**EXERCISE**
All that is required is the number of lines in this listing that hold "approximately".

**DATA SHOWN**

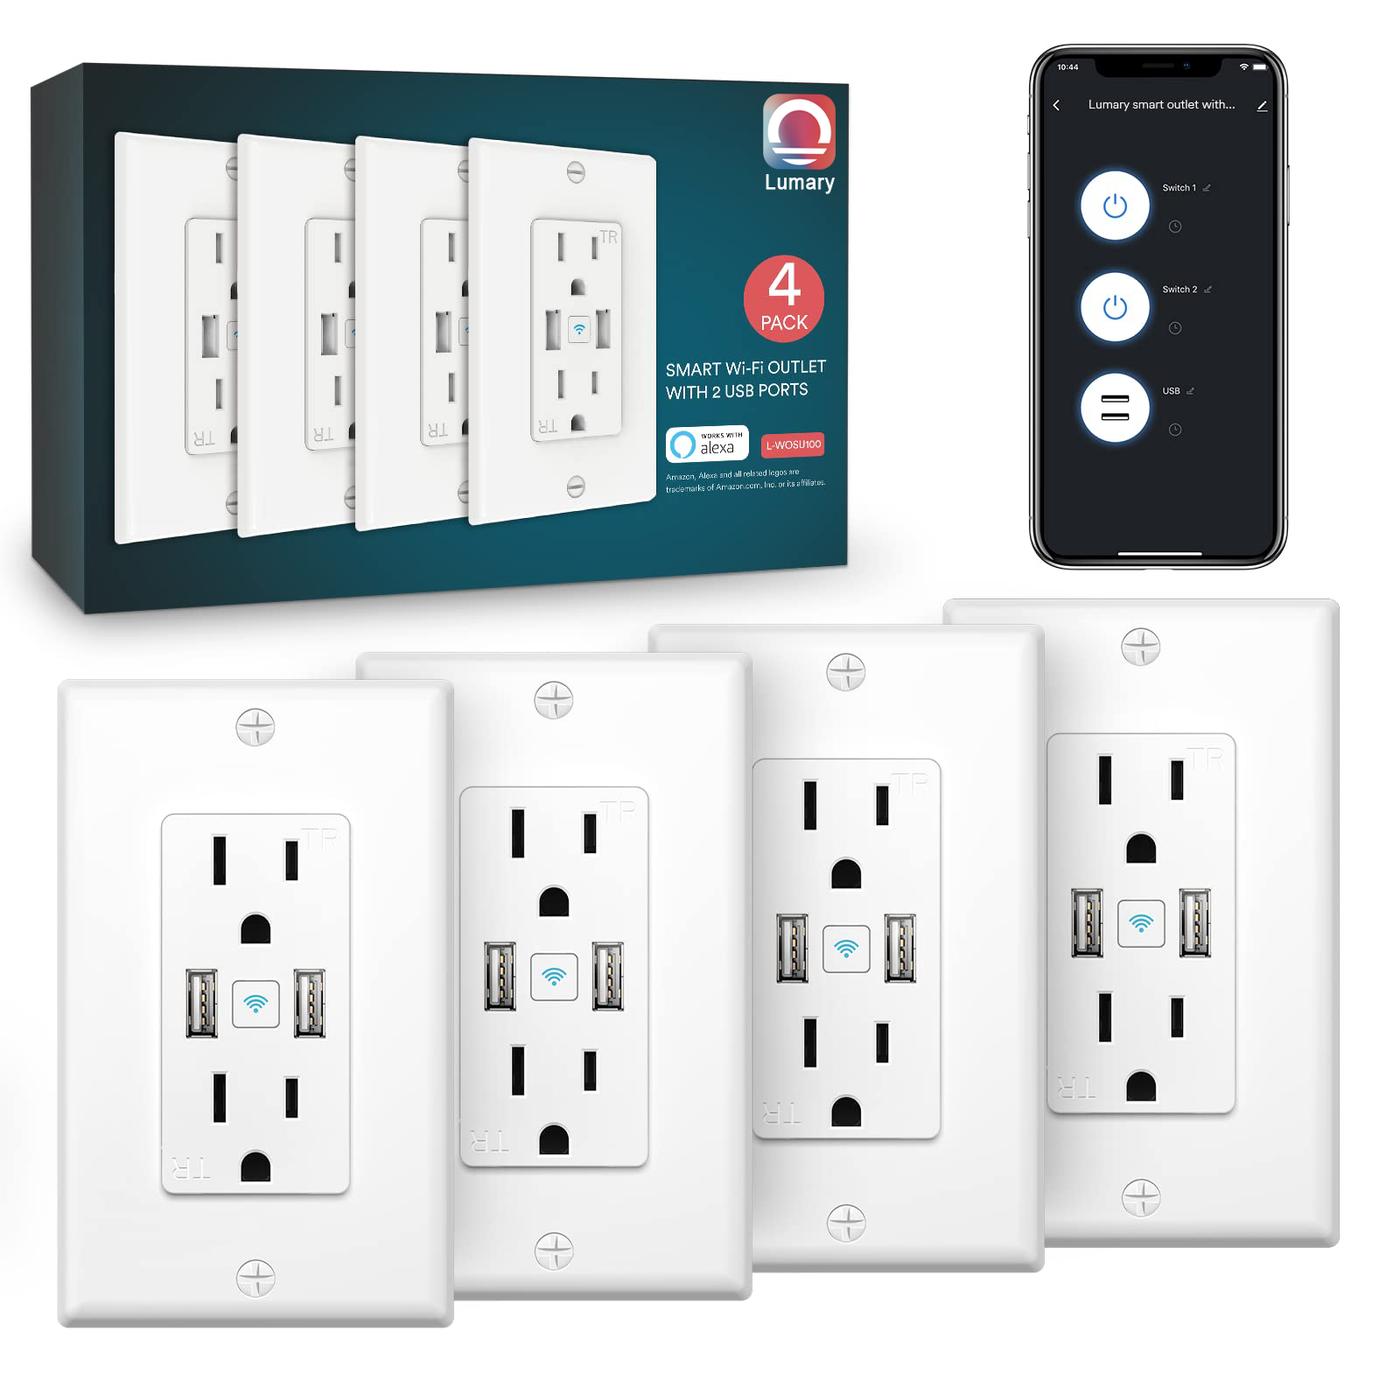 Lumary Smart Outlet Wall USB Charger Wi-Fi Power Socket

--

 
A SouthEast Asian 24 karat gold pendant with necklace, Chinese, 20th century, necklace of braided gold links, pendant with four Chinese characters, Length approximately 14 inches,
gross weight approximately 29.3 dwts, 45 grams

**RESULT**
2